* **EXERCISE REQUIREMENTS**
Starting at the line that contains "Extra-Fine Wool Jumper, Red" and stopping at the line that contains "Nestlé to Debut", restate each line of the records below exactly. Omit the pictures.

* **SUPPLIED ENTRIES**
————
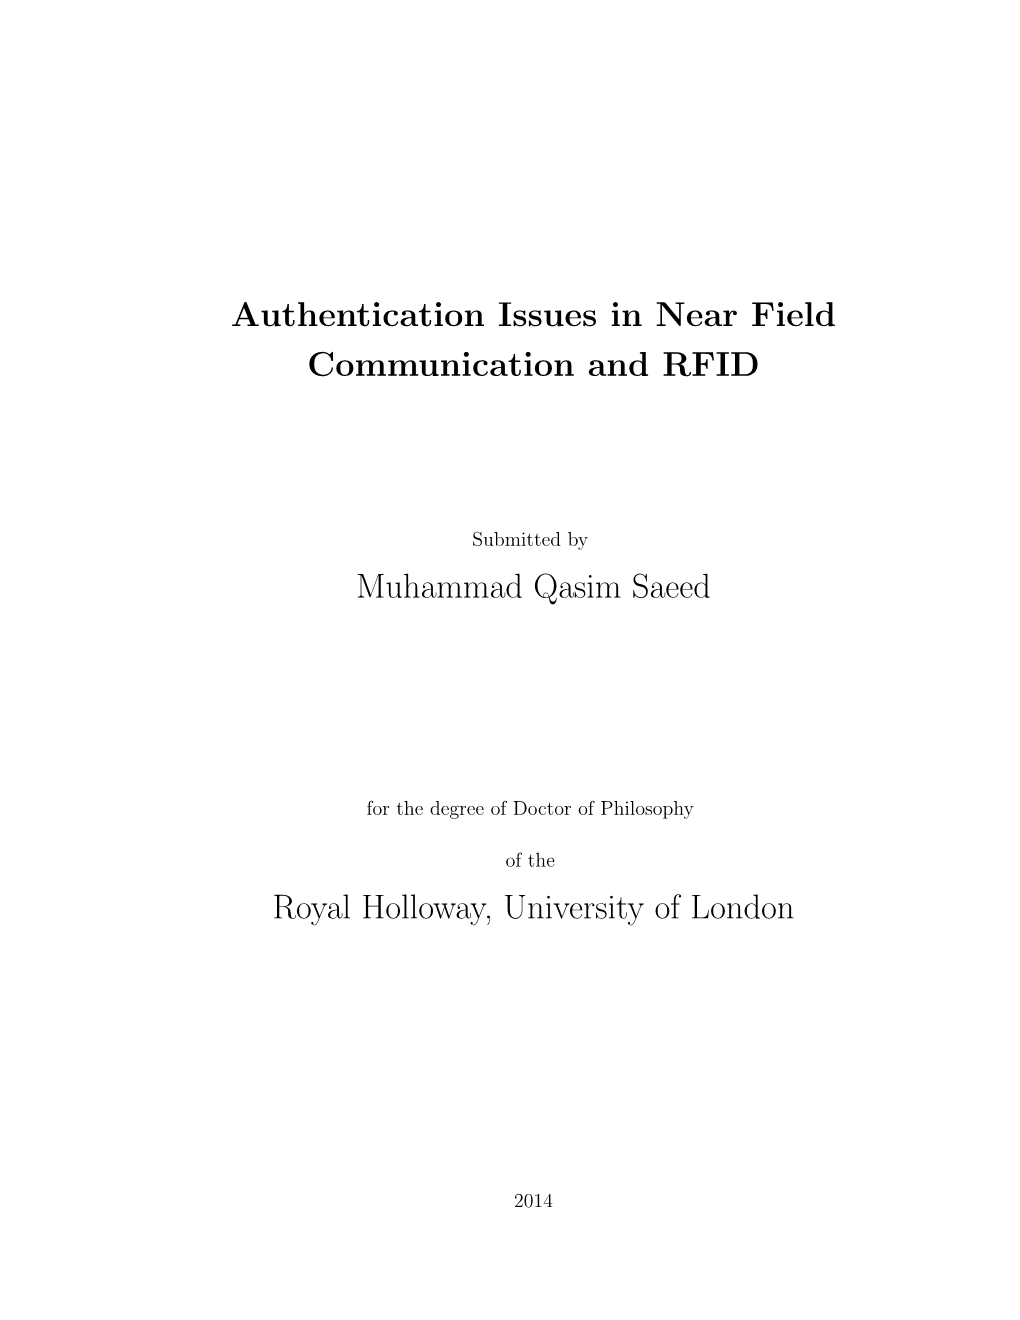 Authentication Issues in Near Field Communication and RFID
————
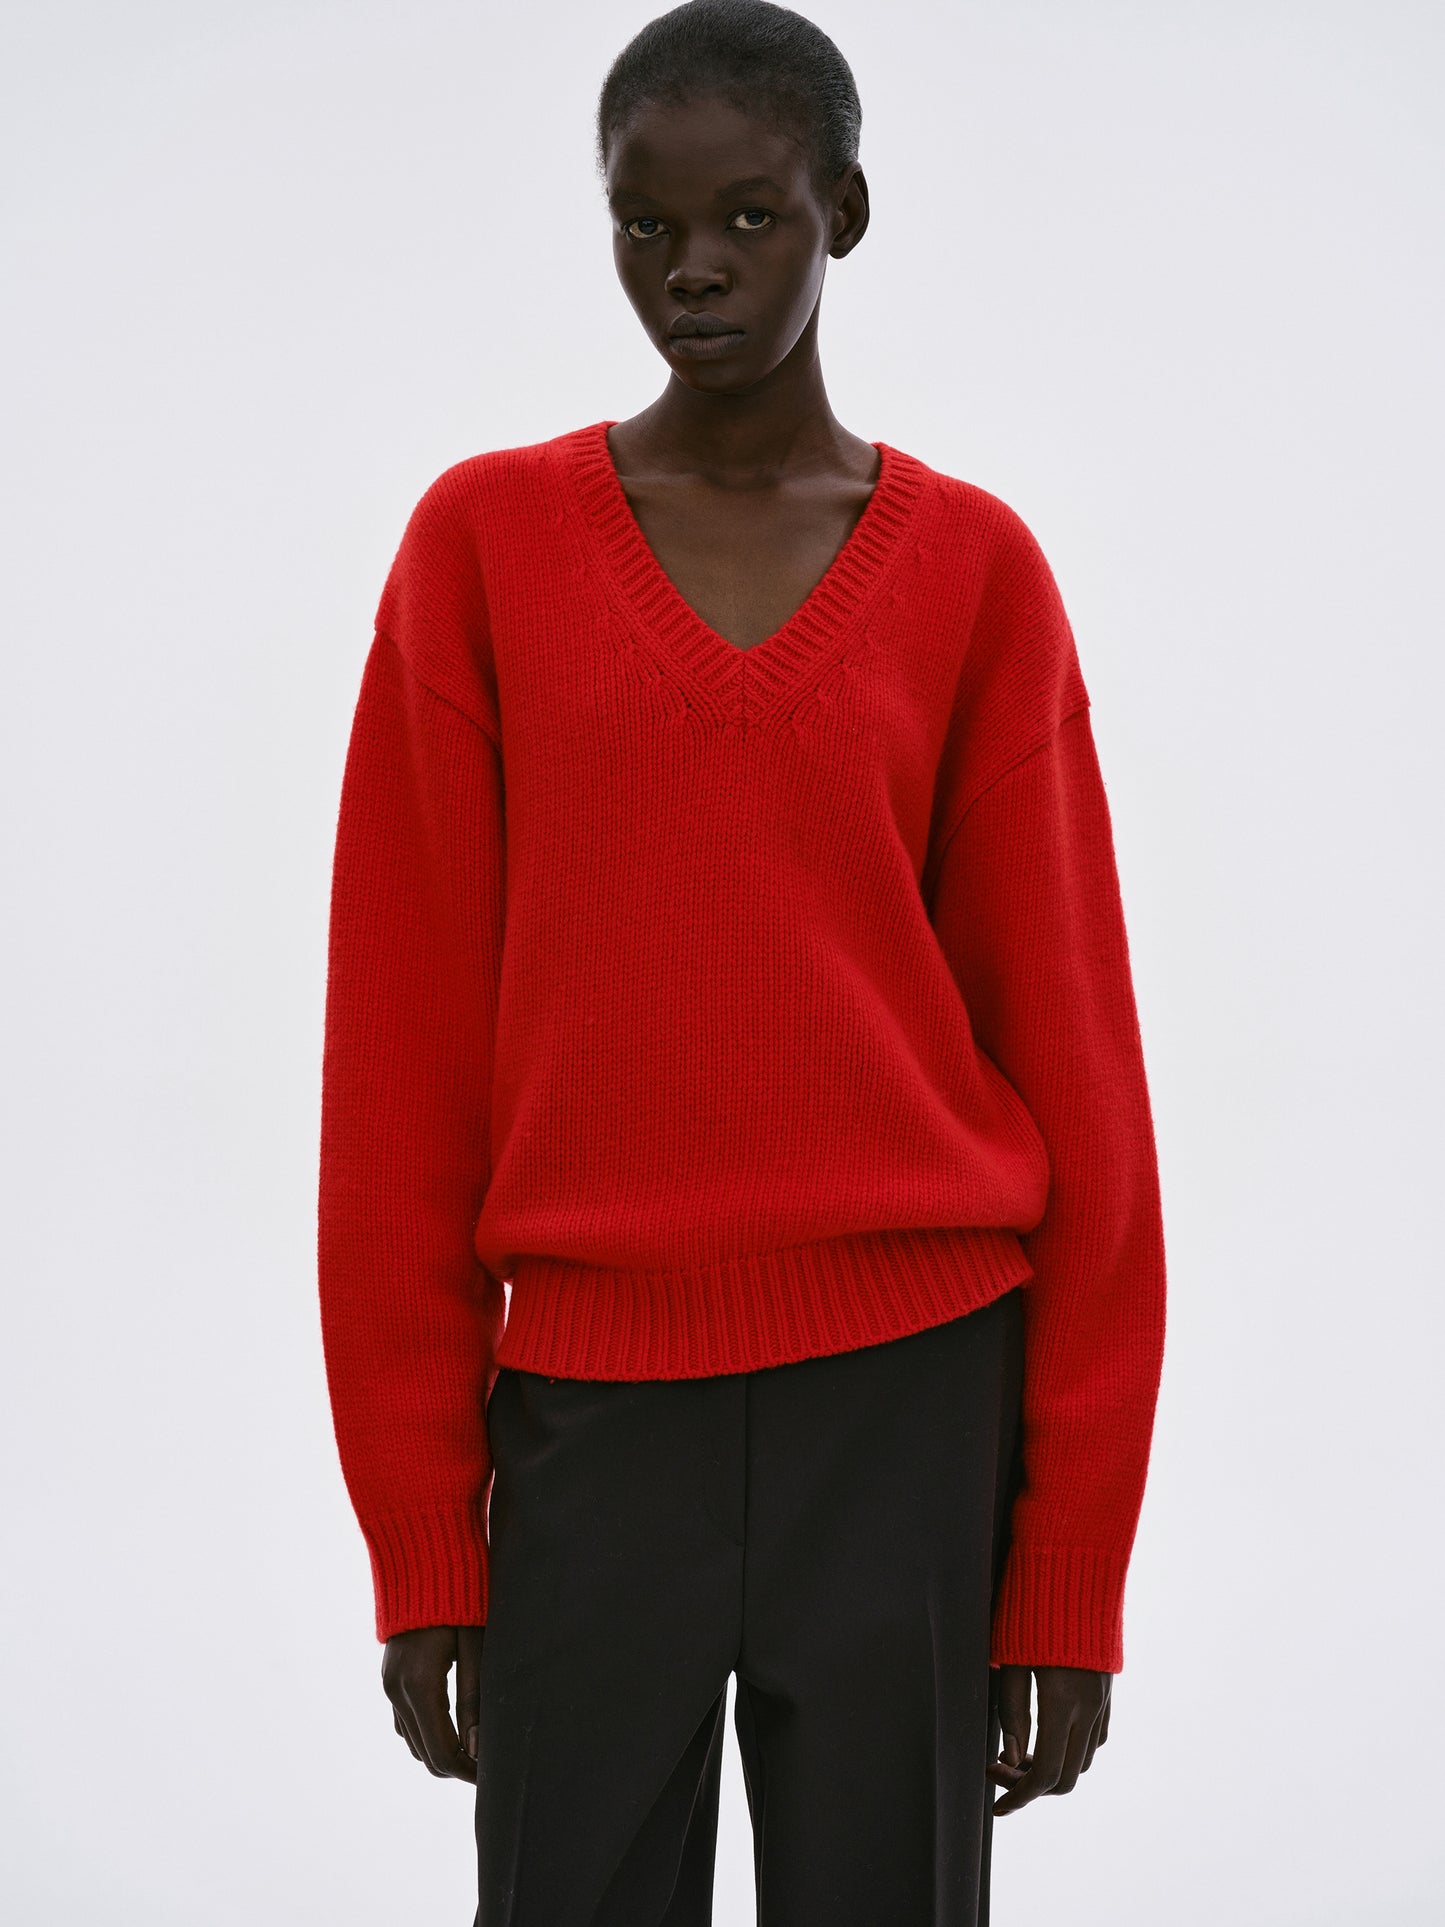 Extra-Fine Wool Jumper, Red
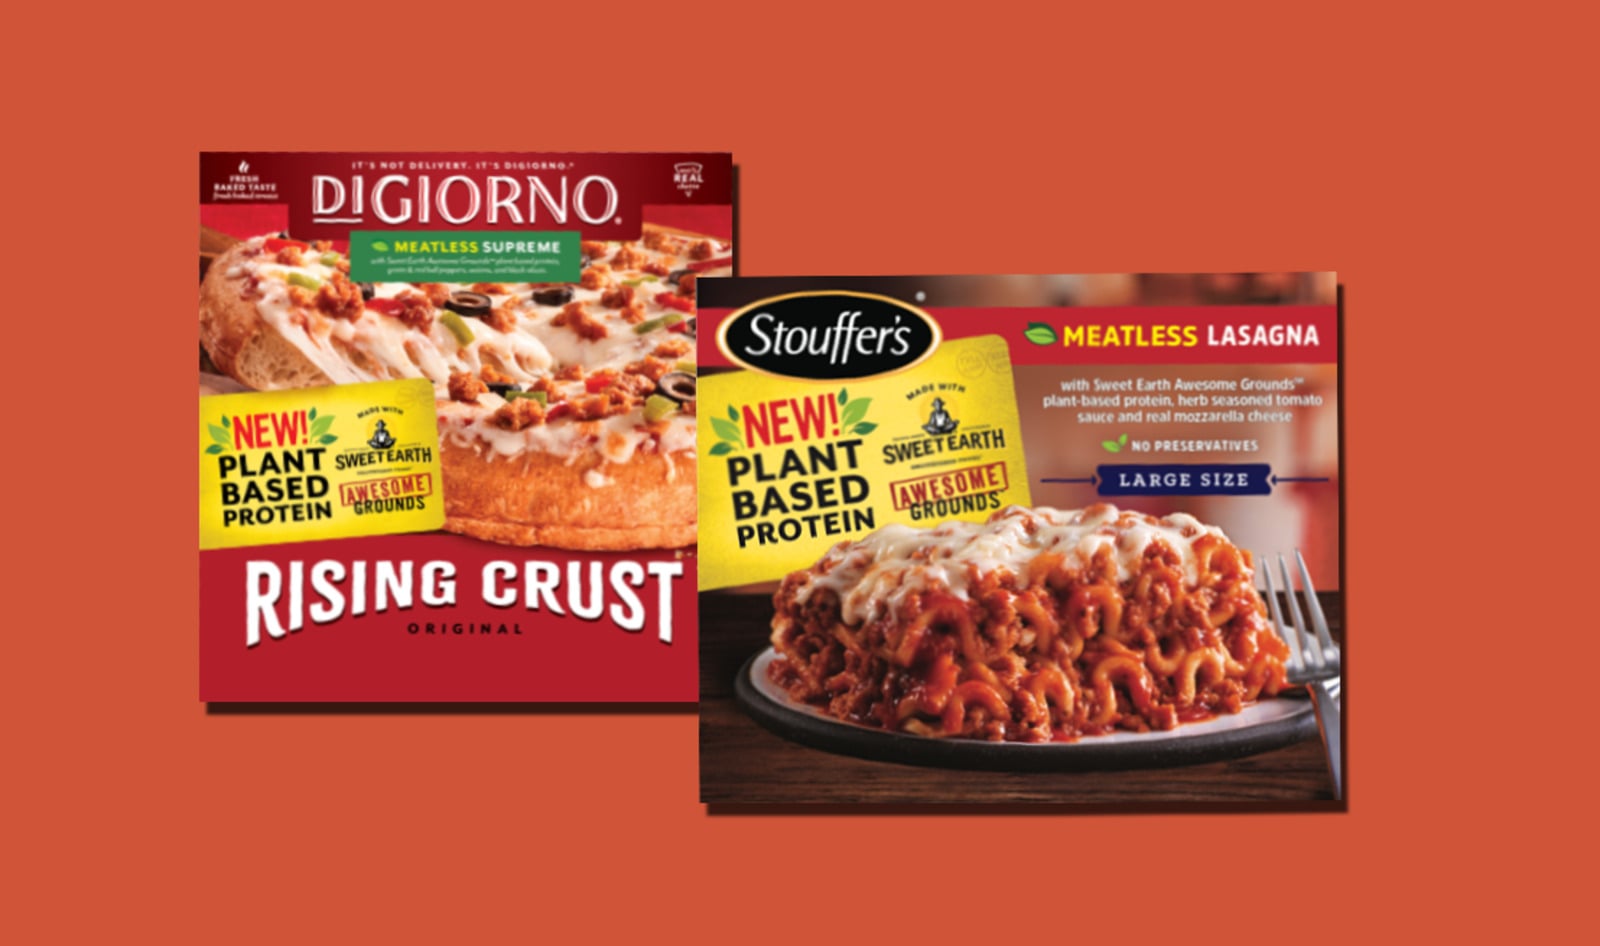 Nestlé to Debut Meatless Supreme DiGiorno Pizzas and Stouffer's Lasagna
————
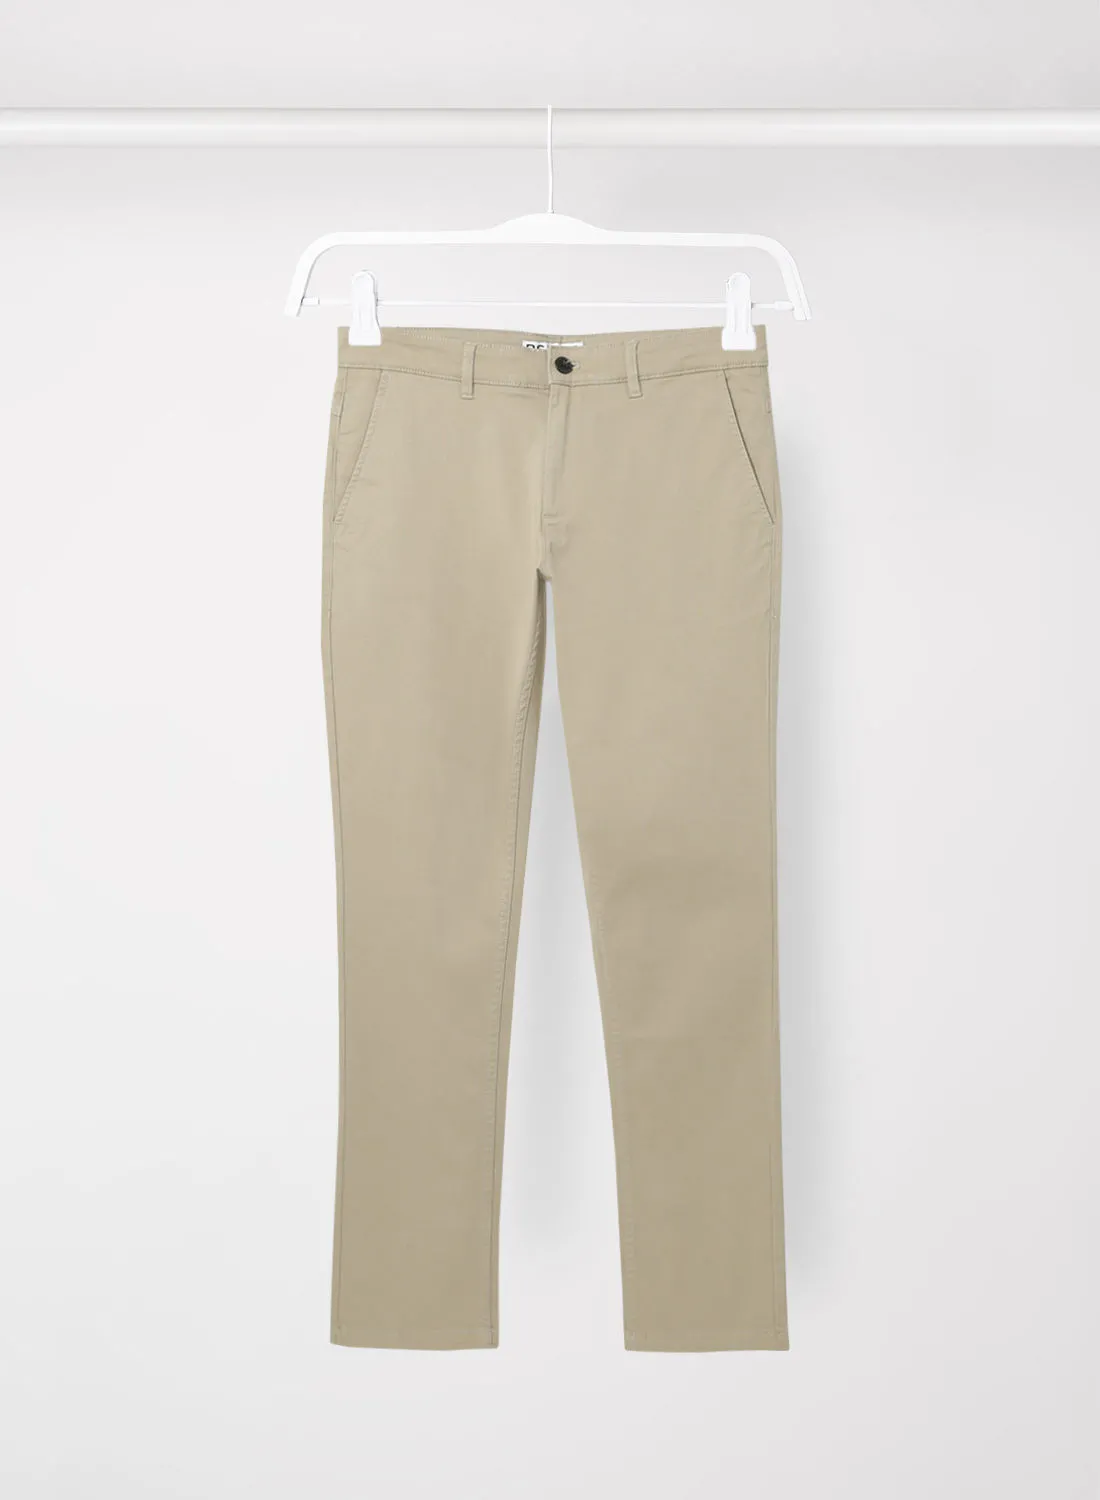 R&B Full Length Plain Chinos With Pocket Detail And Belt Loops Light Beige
————
* **TASK RESPONSE**
 Extra-Fine Wool Jumper, Red
 Nestlé to Debut Meatless Supreme DiGiorno Pizzas and Stouffer's Lasagna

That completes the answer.